Dans le cadre de sa stratégie «cybersanté», le gouvernement suisse a demandé le 3 décembre 2010 à l’Office fédéral de la santé publique d’élaborer un cadre juridique pour l’introduction, la distribution et la promotion du dossier médical électronique.

Durant la procédure de consultation, trois quarts des près de 100 participants se sont prononcés en faveur d’un avant-projet de loi sur le dossier médical électronique. Le quart restant a donné son accord de principe, mais a demandé que certains points soient révisés.

Les discussions quant aux incitations financières destinées aux médecins et les alternatives au numéro à 13 chiffres de la sécurité sociale utilisé pour l’identification des patients ont ralenti le processus d’approbation. Le ministre de la Santé Alain Berset a indiqué le 19 septembre dernier qu’une proposition de loi est attendu d’ici mi-2013.

Durant la dernière session parlementaire, le Conseil national (chambre basse) a exhorté le gouvernement à accélérer la mise en place d’incitations financières pour les médecins afin de promouvoir les dossiers médicaux électroniques.

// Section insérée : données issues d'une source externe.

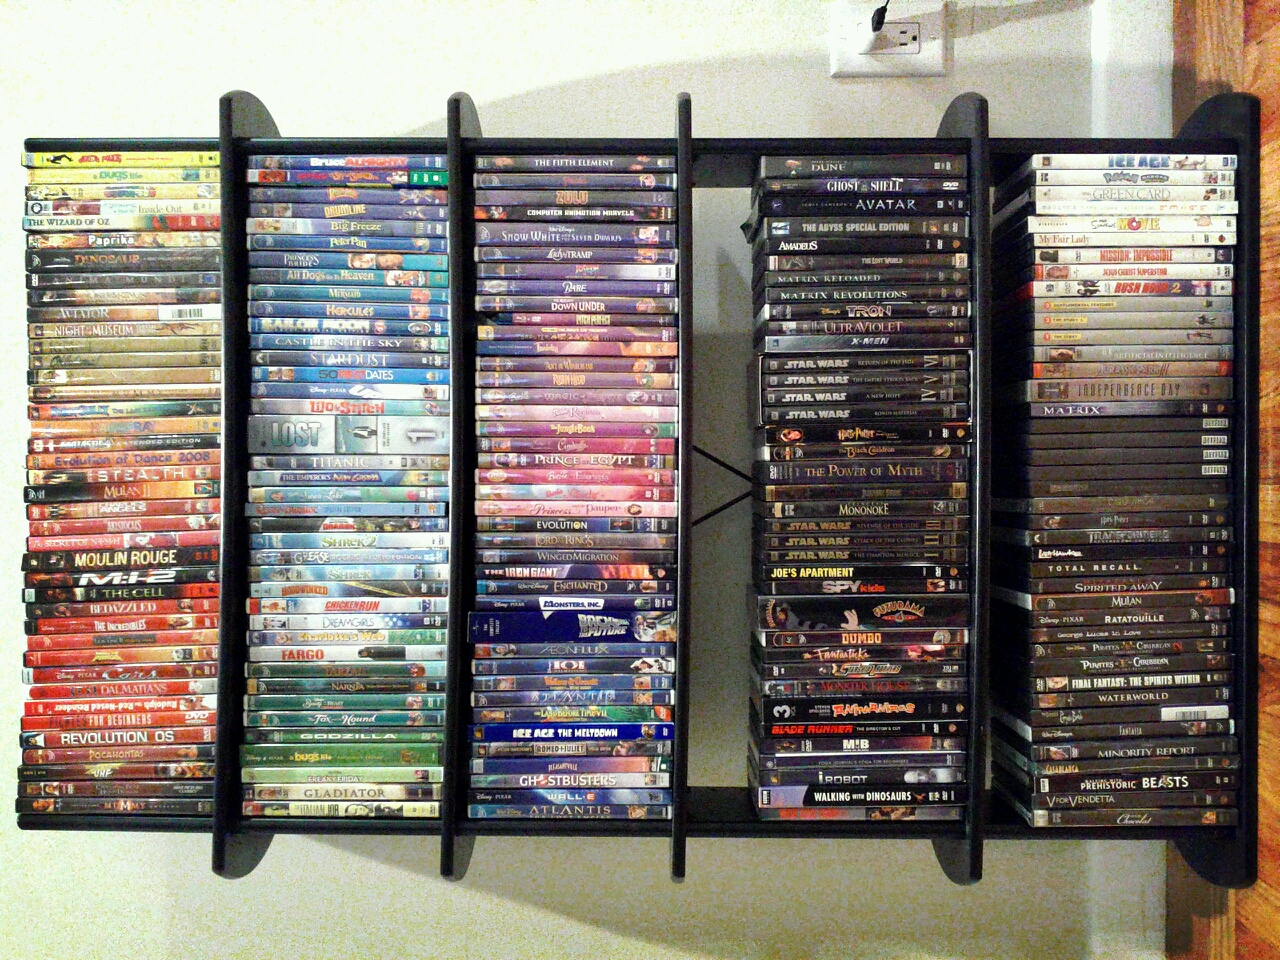 there is a book shelf with some movies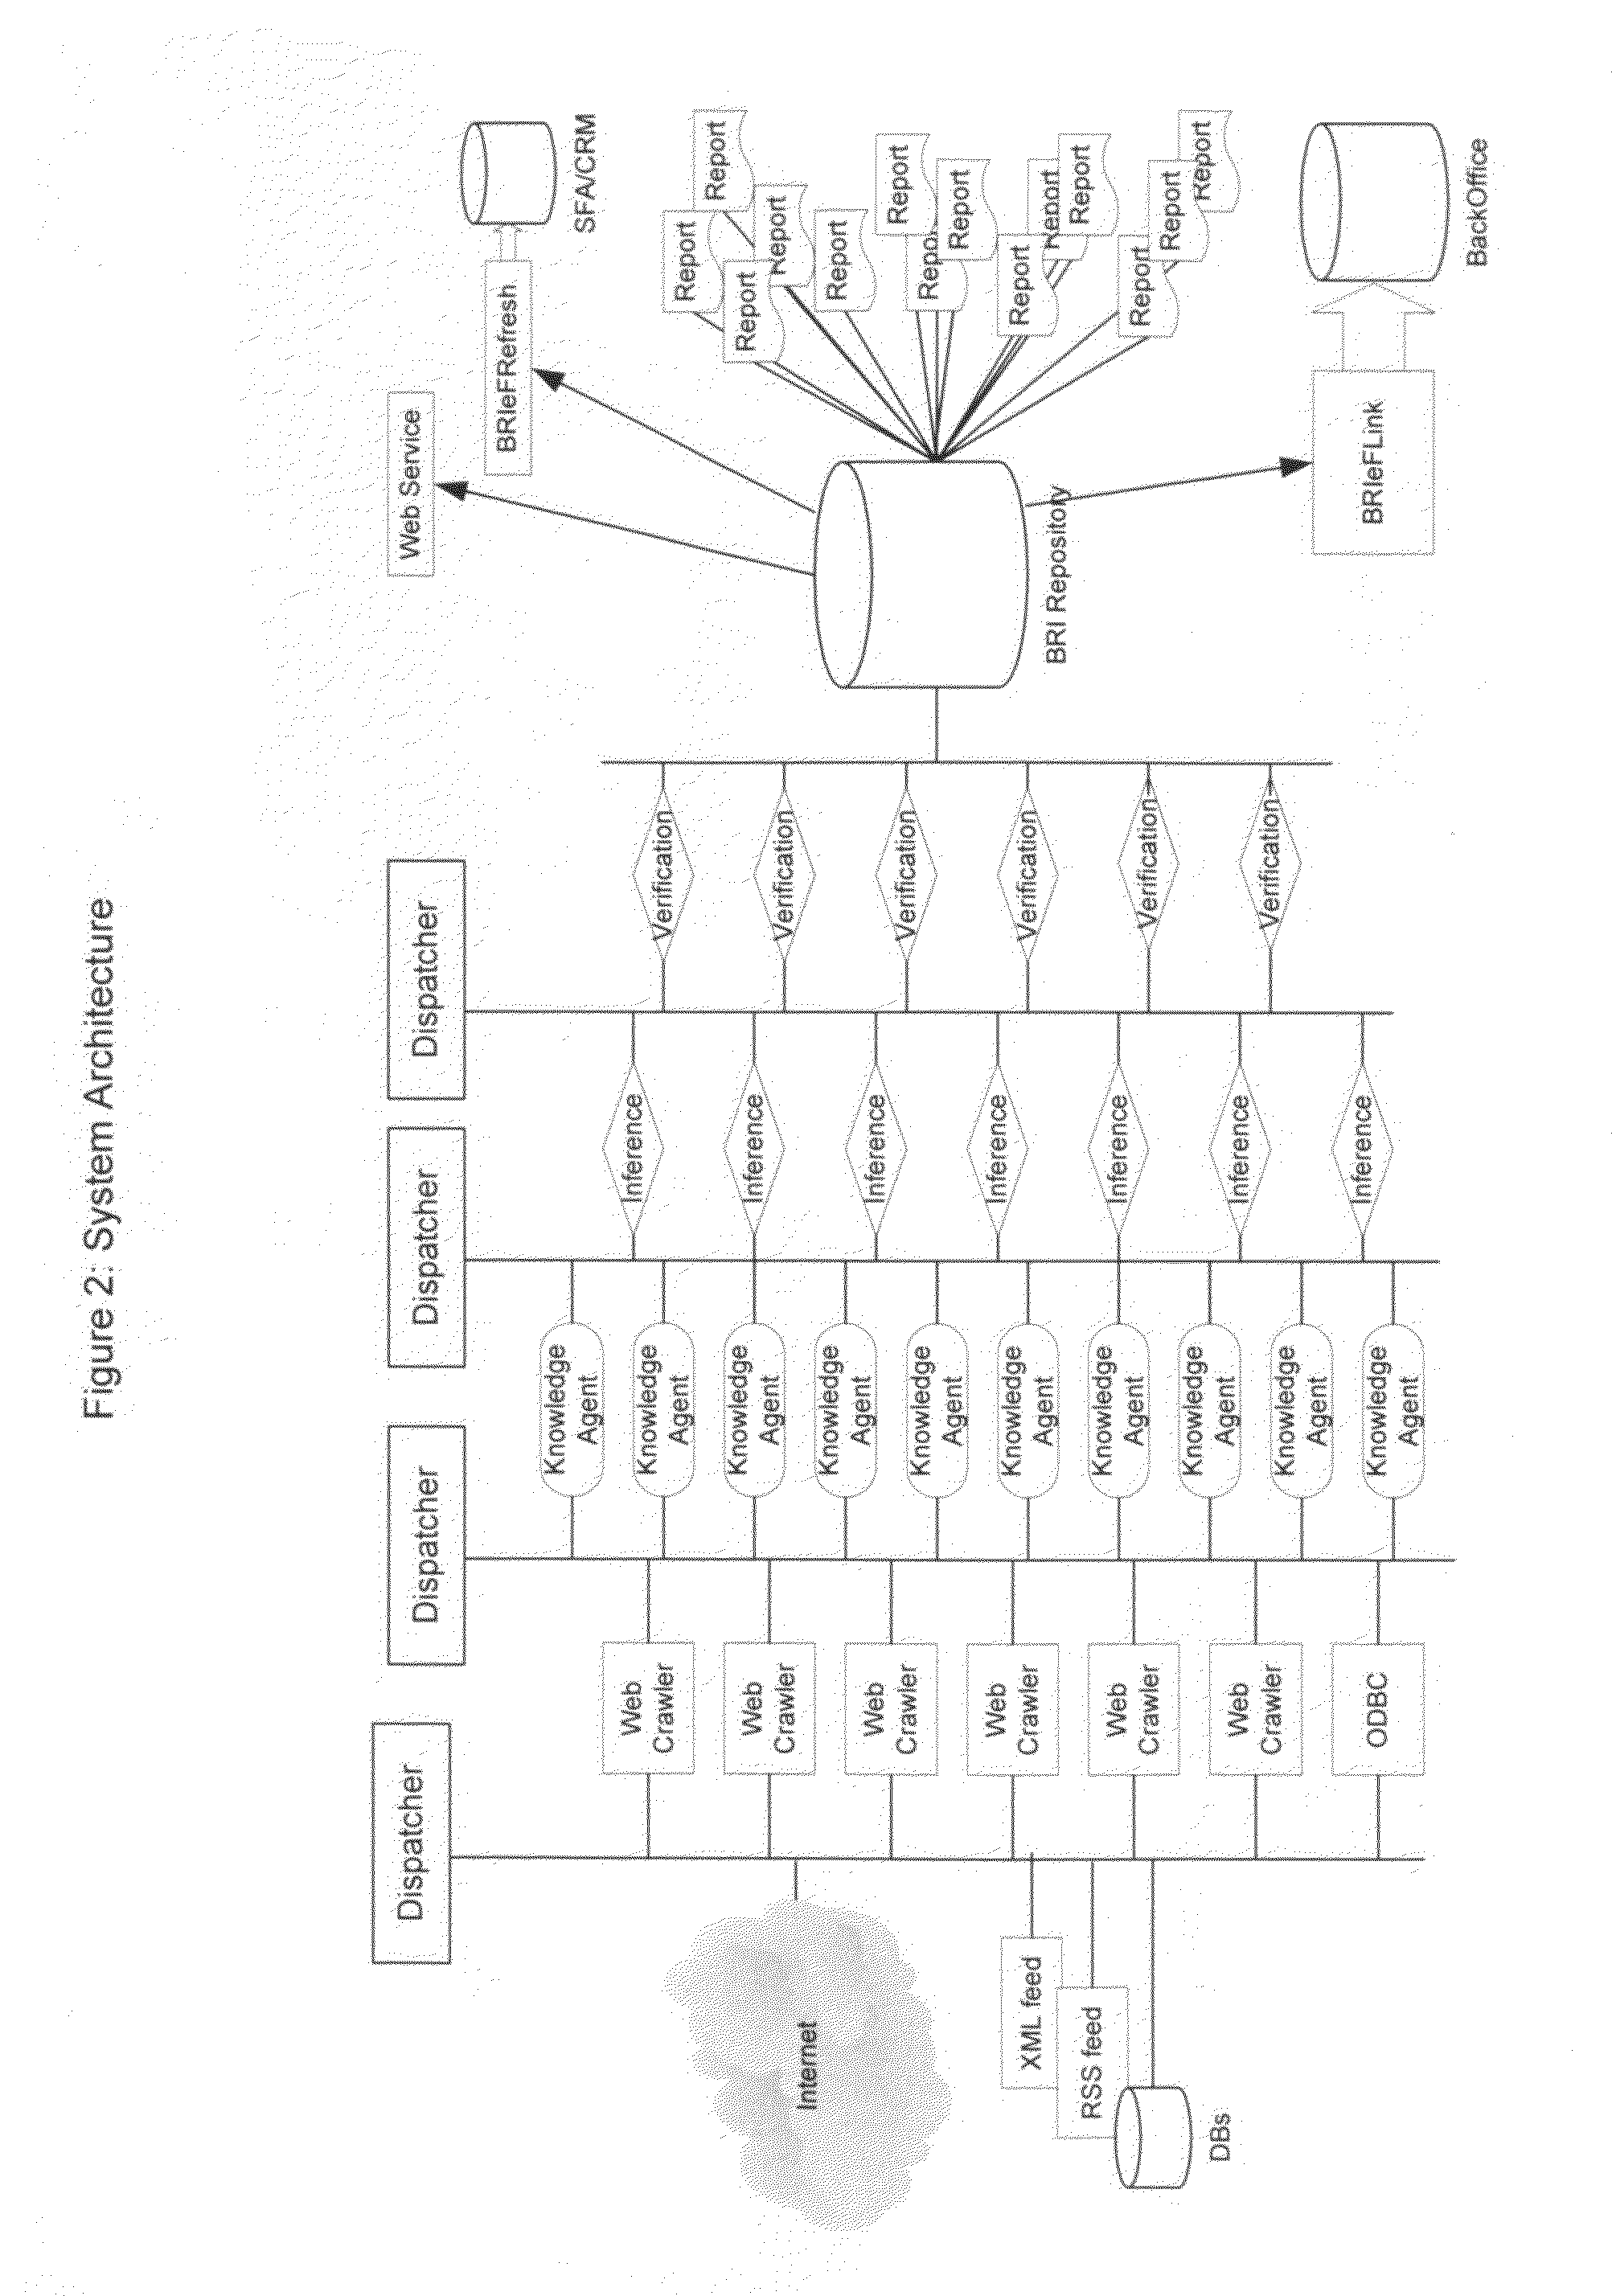 System and method for facts extraction and domain knowledge repository creation from unstructured and semi-structured documents

En plus d’un financement de départ, le gouvernement devrait créer un système incitatif pour les médecins qui documentent et échangent électroniquement les dossiers de leurs patients. Une majorité des cabinets médicaux sont réticents à introduire ce système en raison d’inquiétudes relatives à des coûts d’investissement et d’exploitation élevés.